### Exercise description
An exact restatement of the entire listing is needed, excluding all images.

### Data below
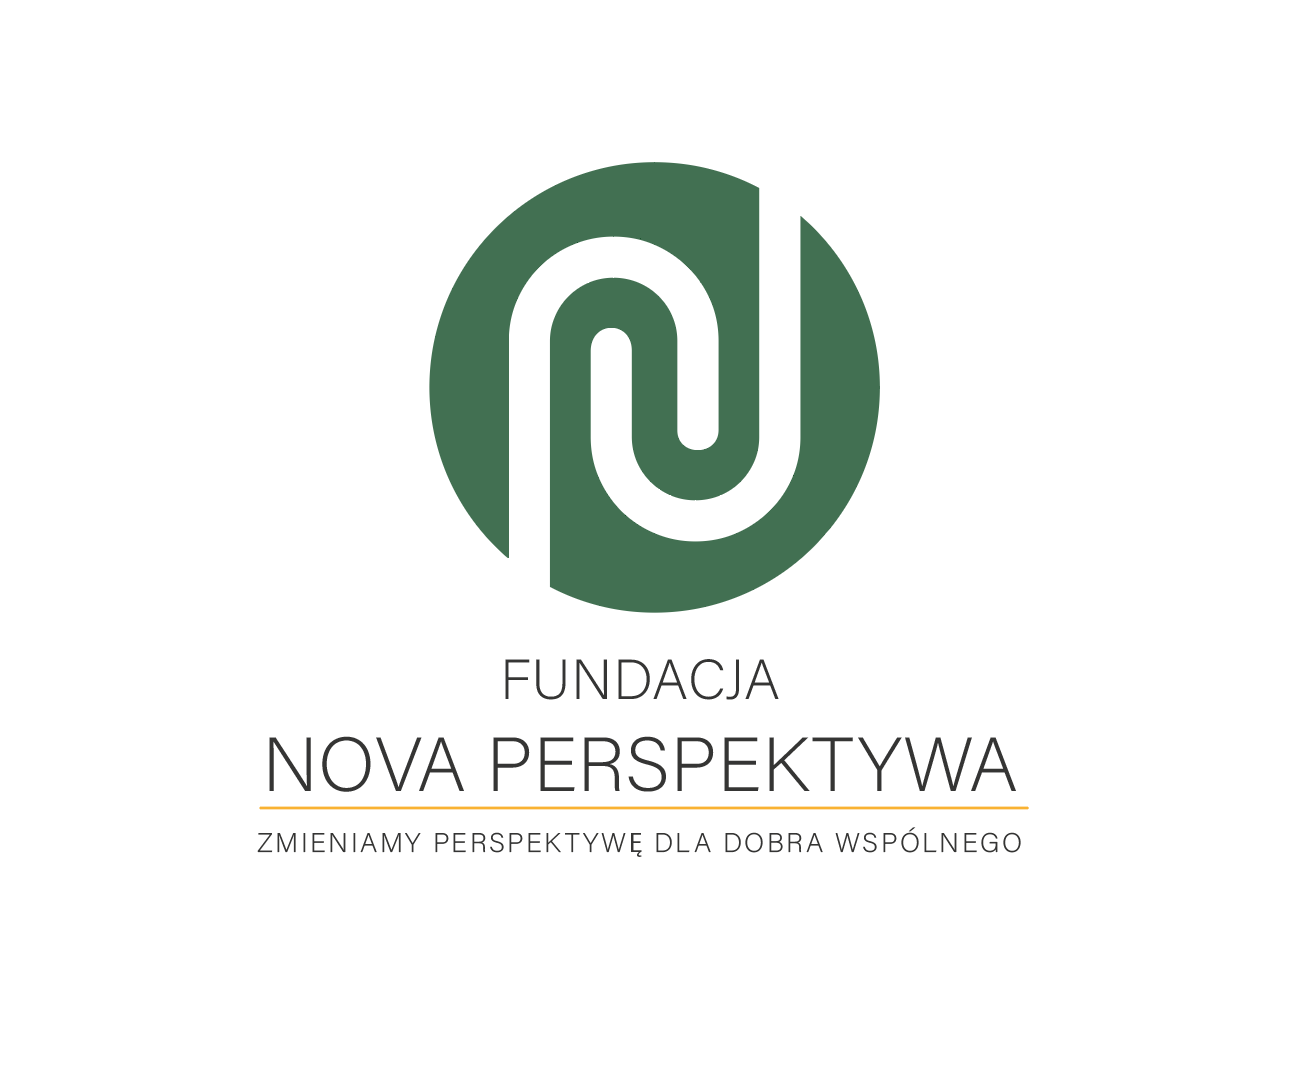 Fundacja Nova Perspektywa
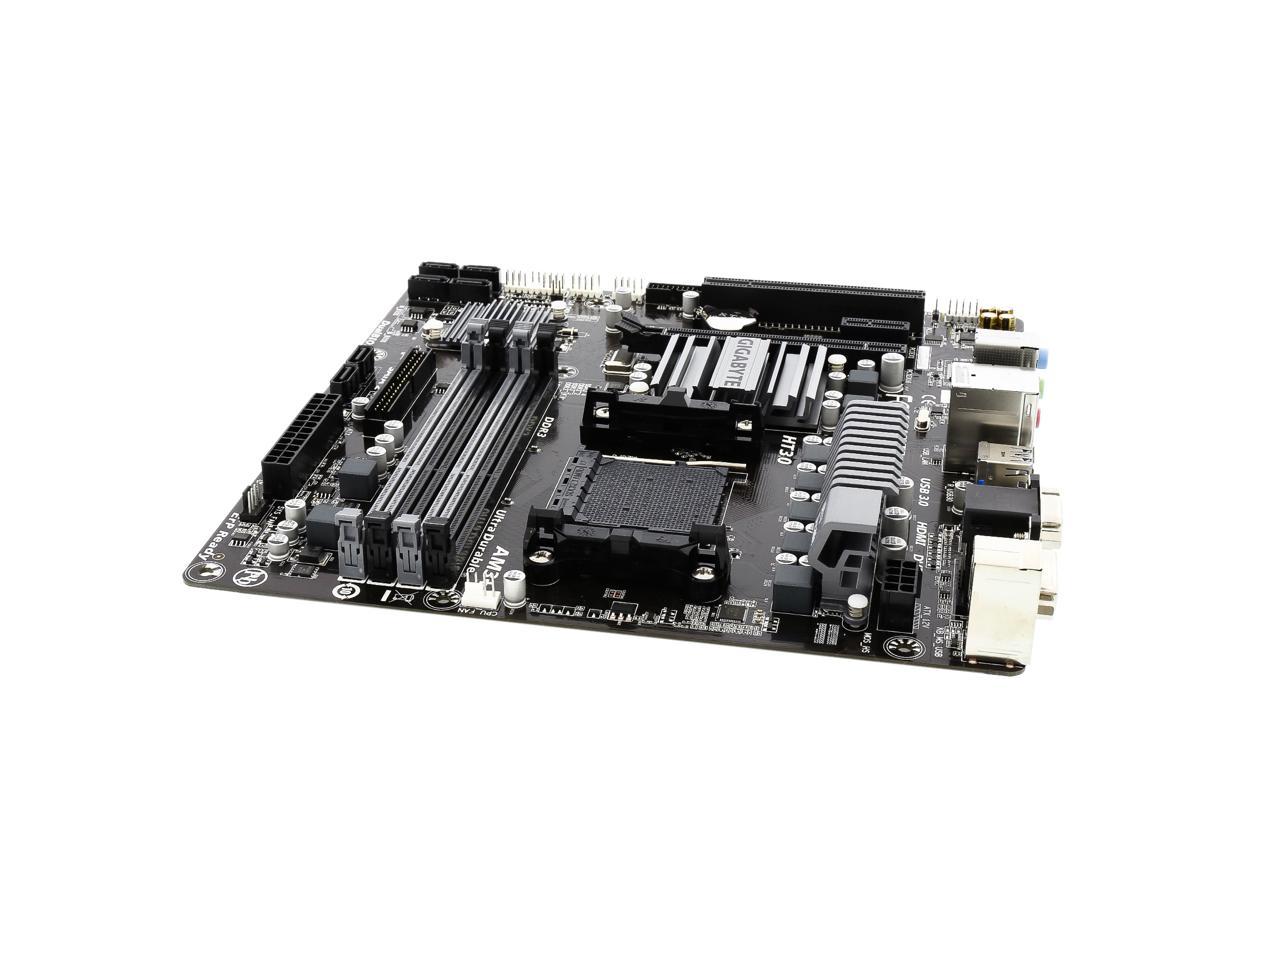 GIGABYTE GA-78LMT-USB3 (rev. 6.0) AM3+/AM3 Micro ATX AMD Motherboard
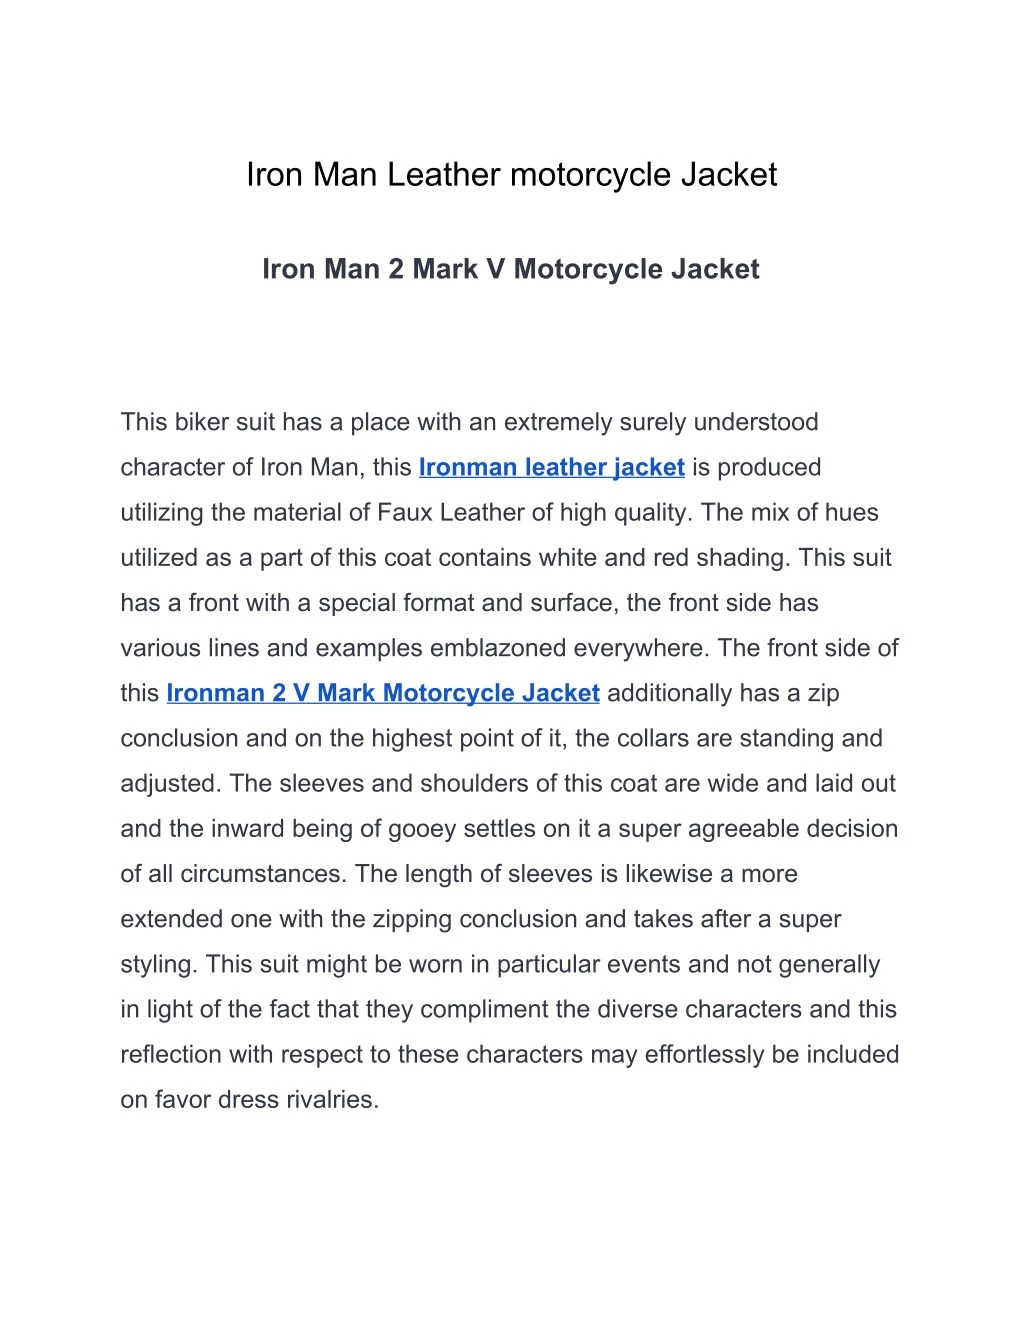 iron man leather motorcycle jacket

### Task result
 Fundacja Nova Perspektywa
 GIGABYTE GA-78LMT-USB3 (rev. 6.0) AM3+/AM3 Micro ATX AMD Motherboard
 iron man leather motorcycle jacket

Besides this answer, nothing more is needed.